Where a violation is established, the Committee shall report its findings and recommended action to the Board and, where necessary, to the President or another appropriate governing body of the Association.

Possible measures include rejection of the manuscript, return for correction or clarification, suspension or termination of the review process, publication of a correction or clarification, publication of an expression of concern, retraction, removal in exceptional legal or ethical circumstances, temporary prohibition on submission to APJLCE, and notification to the relevant institution or funding body where justified by the seriousness of the case.

In serious cases involving plagiarism, duplicate publication, fabrication, falsification, or other grave misconduct, a submission ban of up to five years or more may be imposed depending on the circumstances.
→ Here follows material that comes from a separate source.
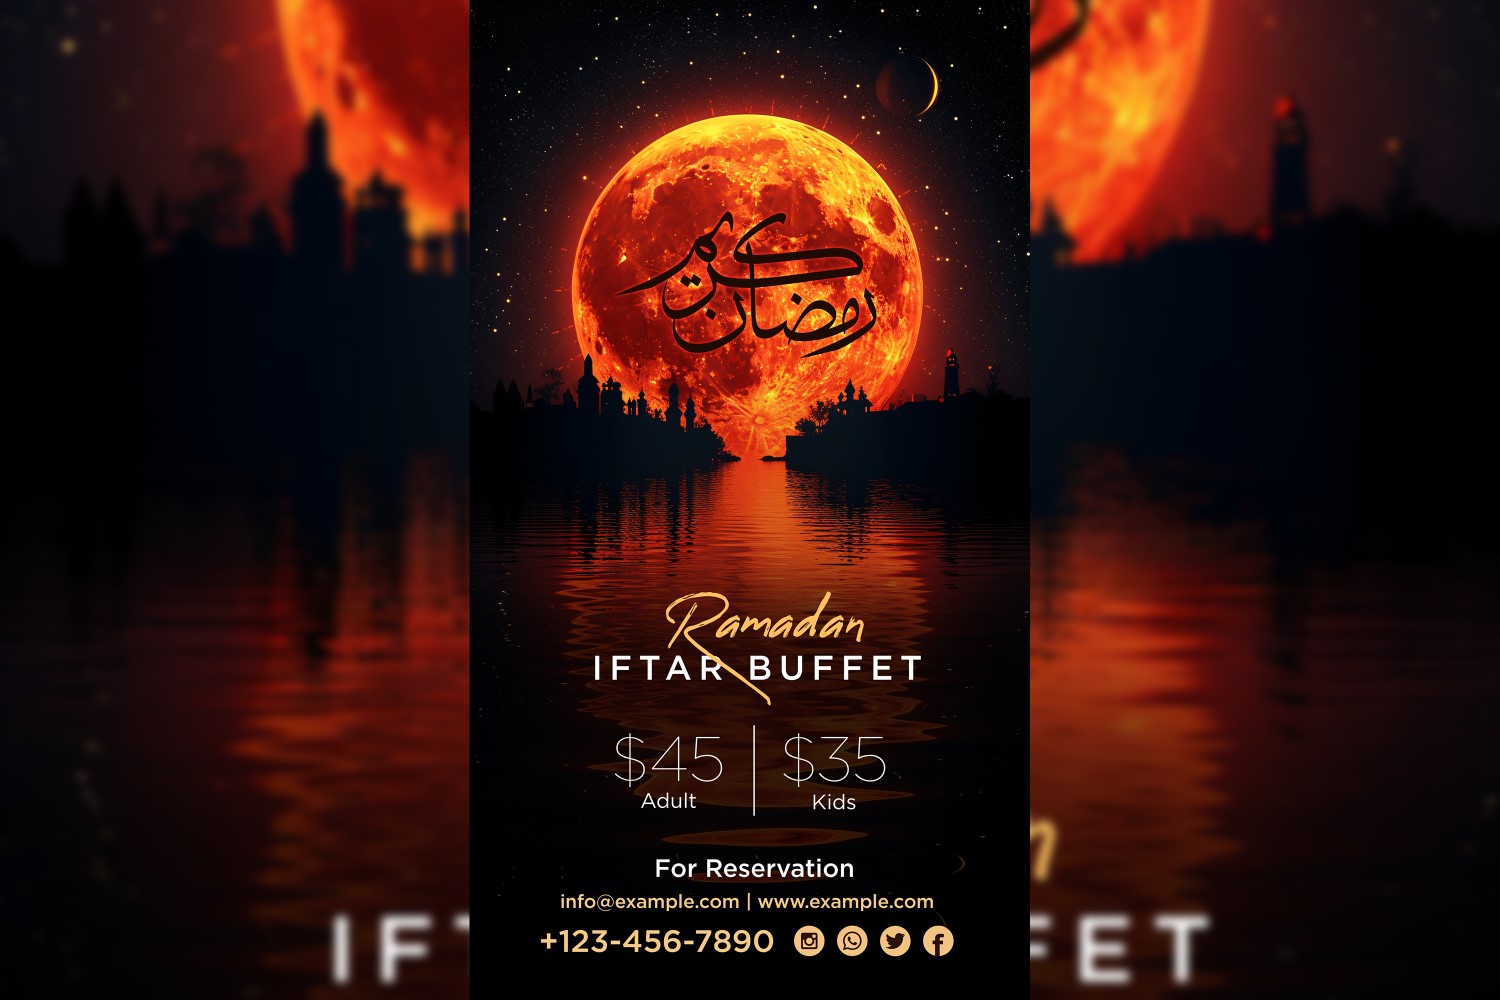 Ramadan Iftar Buffet Poster Design Template 02

Article 16. Post-Publication Ethics and Recordkeeping

Ethical responsibility continues after publication. If credible evidence of serious error, plagiarism, duplicate publication, fabrication, falsification, authorship abuse, or other misconduct is discovered after publication, the journal may undertake post-publication review and issue a correction, expression of concern, or retraction as appropriate.

The journal shall maintain appropriate records relating to ethical complaints, investigations, decisions, and actions taken. All persons involved in ethical review procedures shall preserve confidentiality except where disclosure is necessary for due process, correction of the scholarly record, institutional notification, or legal compliance.


Addendum

Article 1. Effective Date

These revised Research Ethics Regulations shall take effect on the date of approval by the Association and shall supersede the previous Research Ethics Regulations of APJLCE.